Supplied records>
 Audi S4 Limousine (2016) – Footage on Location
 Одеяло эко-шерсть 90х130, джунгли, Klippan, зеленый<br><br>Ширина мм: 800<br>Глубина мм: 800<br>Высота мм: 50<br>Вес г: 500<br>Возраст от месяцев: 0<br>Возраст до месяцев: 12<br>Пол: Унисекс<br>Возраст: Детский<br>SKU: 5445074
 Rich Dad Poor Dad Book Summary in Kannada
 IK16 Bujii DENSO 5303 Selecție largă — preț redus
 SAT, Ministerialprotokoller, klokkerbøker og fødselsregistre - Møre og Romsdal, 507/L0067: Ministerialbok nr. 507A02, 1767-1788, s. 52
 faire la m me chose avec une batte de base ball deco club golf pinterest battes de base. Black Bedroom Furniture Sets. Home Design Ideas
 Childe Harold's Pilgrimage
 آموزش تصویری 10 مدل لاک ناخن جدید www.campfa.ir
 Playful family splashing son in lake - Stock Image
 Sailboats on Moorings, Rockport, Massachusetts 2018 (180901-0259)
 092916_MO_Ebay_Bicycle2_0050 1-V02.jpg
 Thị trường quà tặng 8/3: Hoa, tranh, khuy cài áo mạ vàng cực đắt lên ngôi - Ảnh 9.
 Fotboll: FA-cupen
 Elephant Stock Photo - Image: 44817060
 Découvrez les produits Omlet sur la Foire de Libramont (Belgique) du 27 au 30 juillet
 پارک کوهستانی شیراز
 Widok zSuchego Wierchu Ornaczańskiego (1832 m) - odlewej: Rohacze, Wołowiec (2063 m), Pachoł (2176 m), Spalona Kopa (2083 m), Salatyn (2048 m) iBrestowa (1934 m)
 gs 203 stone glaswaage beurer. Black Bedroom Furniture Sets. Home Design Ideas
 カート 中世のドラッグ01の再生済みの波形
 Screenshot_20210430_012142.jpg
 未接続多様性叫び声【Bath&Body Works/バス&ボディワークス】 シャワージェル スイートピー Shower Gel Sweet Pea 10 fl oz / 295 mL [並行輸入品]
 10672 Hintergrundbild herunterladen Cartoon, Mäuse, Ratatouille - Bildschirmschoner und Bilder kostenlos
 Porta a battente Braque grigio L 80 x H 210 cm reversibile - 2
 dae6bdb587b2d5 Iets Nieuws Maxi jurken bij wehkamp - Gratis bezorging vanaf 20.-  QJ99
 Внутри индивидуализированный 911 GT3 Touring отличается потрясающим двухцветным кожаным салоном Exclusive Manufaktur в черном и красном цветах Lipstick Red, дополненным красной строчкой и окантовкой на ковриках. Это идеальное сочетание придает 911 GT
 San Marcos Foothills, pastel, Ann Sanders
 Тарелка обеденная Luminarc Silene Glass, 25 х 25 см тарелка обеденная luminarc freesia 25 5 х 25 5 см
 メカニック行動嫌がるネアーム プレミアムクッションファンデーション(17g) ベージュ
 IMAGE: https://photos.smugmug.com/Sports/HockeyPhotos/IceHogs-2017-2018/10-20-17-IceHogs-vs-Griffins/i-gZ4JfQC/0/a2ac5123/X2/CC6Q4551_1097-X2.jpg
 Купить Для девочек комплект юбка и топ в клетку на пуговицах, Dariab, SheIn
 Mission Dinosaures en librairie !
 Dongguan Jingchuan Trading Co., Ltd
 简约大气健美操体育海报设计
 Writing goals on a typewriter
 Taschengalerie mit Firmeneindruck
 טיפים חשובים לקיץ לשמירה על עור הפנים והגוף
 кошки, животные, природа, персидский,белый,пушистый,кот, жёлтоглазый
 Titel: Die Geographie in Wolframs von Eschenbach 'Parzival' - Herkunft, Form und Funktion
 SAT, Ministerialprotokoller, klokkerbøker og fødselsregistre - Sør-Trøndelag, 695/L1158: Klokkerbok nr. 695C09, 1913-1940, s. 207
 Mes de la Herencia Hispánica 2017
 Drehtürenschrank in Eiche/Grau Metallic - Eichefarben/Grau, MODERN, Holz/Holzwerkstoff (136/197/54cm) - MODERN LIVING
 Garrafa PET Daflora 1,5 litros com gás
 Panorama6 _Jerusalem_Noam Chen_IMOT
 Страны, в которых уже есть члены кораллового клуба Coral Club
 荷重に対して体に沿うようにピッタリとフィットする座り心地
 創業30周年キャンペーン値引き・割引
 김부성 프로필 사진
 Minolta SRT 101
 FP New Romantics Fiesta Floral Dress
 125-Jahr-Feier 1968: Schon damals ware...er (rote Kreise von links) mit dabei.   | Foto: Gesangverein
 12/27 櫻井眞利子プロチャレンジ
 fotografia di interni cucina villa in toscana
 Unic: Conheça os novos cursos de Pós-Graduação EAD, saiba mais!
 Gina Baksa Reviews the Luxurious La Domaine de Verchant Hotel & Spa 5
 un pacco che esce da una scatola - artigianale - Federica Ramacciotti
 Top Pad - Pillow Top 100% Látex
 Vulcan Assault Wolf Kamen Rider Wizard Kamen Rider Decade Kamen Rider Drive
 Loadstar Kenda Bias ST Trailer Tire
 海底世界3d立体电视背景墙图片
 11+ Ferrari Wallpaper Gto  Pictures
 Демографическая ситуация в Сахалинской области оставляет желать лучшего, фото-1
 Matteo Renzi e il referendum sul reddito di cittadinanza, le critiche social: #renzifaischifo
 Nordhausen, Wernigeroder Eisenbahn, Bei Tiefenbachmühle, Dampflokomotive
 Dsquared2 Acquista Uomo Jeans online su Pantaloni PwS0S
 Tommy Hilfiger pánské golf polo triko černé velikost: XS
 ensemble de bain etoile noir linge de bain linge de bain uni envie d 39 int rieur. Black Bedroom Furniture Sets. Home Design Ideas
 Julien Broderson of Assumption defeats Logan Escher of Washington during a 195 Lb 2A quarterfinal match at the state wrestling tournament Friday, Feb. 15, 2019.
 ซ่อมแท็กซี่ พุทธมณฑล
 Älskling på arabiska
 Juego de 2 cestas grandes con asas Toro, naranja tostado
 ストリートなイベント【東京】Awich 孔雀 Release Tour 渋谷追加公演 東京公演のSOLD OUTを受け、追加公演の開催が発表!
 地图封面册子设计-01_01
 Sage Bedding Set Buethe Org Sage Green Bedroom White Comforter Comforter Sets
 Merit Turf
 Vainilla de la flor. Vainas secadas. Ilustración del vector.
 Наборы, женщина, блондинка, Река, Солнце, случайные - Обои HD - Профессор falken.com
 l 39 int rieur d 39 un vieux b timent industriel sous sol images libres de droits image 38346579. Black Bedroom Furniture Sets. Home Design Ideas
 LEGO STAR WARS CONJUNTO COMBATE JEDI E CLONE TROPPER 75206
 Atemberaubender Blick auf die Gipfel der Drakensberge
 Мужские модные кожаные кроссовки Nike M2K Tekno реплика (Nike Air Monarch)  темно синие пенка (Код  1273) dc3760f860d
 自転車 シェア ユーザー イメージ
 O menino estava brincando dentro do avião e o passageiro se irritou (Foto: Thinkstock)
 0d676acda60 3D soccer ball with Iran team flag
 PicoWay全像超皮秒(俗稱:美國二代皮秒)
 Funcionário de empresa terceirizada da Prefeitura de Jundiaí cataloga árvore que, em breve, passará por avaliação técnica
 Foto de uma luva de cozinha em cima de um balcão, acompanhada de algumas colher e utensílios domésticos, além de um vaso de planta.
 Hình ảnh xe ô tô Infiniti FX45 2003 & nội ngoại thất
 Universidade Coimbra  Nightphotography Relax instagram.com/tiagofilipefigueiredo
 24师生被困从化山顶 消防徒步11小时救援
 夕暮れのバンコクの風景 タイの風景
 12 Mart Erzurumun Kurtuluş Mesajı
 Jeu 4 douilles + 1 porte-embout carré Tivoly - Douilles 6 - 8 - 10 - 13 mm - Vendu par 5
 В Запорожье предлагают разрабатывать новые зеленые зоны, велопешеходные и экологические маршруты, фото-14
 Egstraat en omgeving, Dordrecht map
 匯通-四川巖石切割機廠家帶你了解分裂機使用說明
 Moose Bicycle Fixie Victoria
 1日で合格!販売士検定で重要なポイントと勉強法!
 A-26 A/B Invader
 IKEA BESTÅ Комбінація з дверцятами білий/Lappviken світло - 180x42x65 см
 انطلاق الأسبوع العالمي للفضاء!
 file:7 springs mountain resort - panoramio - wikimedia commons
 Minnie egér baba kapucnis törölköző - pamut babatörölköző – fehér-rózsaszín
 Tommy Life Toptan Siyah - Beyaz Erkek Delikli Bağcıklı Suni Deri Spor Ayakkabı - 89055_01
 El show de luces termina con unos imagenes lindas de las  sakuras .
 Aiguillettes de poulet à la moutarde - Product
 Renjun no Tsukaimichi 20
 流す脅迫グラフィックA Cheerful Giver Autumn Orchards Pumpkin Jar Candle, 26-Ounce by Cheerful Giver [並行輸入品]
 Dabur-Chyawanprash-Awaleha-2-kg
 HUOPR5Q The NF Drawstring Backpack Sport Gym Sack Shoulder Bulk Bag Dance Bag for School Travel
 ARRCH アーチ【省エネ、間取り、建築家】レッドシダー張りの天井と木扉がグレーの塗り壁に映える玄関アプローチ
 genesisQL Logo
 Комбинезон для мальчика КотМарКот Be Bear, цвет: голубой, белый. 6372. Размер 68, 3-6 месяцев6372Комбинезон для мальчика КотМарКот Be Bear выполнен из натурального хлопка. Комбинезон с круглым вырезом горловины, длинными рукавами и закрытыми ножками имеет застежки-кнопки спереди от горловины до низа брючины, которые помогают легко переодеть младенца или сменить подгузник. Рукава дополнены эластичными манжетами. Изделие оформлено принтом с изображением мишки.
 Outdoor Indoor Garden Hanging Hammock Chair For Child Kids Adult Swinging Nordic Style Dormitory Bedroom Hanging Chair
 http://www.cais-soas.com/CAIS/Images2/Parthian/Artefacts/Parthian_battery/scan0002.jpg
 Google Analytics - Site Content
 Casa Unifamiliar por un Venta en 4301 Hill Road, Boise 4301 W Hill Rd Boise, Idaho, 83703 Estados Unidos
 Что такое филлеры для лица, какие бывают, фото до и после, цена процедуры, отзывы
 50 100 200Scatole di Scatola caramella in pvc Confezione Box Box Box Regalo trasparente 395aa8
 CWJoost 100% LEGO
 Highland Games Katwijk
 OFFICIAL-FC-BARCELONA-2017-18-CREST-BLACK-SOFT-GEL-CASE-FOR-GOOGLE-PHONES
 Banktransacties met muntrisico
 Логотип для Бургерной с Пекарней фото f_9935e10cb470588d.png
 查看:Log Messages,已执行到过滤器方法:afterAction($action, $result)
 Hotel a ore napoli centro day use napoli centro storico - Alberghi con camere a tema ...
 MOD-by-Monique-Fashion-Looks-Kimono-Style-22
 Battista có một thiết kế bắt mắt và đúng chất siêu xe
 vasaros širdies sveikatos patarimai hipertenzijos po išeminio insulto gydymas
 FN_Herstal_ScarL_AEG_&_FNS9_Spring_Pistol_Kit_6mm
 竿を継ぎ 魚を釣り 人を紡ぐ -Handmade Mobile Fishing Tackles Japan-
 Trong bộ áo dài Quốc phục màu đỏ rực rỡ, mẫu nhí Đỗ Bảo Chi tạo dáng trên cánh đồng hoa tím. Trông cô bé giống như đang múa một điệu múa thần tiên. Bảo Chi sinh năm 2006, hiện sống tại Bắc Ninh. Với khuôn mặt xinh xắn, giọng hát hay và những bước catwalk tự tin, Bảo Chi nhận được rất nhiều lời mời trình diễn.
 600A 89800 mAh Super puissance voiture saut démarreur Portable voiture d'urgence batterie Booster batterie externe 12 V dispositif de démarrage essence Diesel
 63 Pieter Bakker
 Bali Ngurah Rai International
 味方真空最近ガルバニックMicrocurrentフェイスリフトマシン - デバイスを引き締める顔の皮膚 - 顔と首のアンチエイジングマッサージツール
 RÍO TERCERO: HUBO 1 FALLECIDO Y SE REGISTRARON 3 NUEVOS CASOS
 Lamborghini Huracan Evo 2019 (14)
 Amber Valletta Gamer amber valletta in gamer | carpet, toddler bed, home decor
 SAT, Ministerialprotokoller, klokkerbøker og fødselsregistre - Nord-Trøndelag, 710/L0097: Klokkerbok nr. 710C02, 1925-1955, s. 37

Assignment> Lines from the one containing "味方真空最近ガルバニックMicrocurrentフェイスリフトマシン - デバイスを引き締める顔の皮膚" to the end of the data are to be printed exactly, including the first and last.

Task answer>
 味方真空最近ガルバニックMicrocurrentフェイスリフトマシン - デバイスを引き締める顔の皮膚 - 顔と首のアンチエイジングマッサージツール
 RÍO TERCERO: HUBO 1 FALLECIDO Y SE REGISTRARON 3 NUEVOS CASOS
 Lamborghini Huracan Evo 2019 (14)
 Amber Valletta Gamer amber valletta in gamer | carpet, toddler bed, home decor
 SAT, Ministerialprotokoller, klokkerbøker og fødselsregistre - Nord-Trøndelag, 710/L0097: Klokkerbok nr. 710C02, 1925-1955, s. 37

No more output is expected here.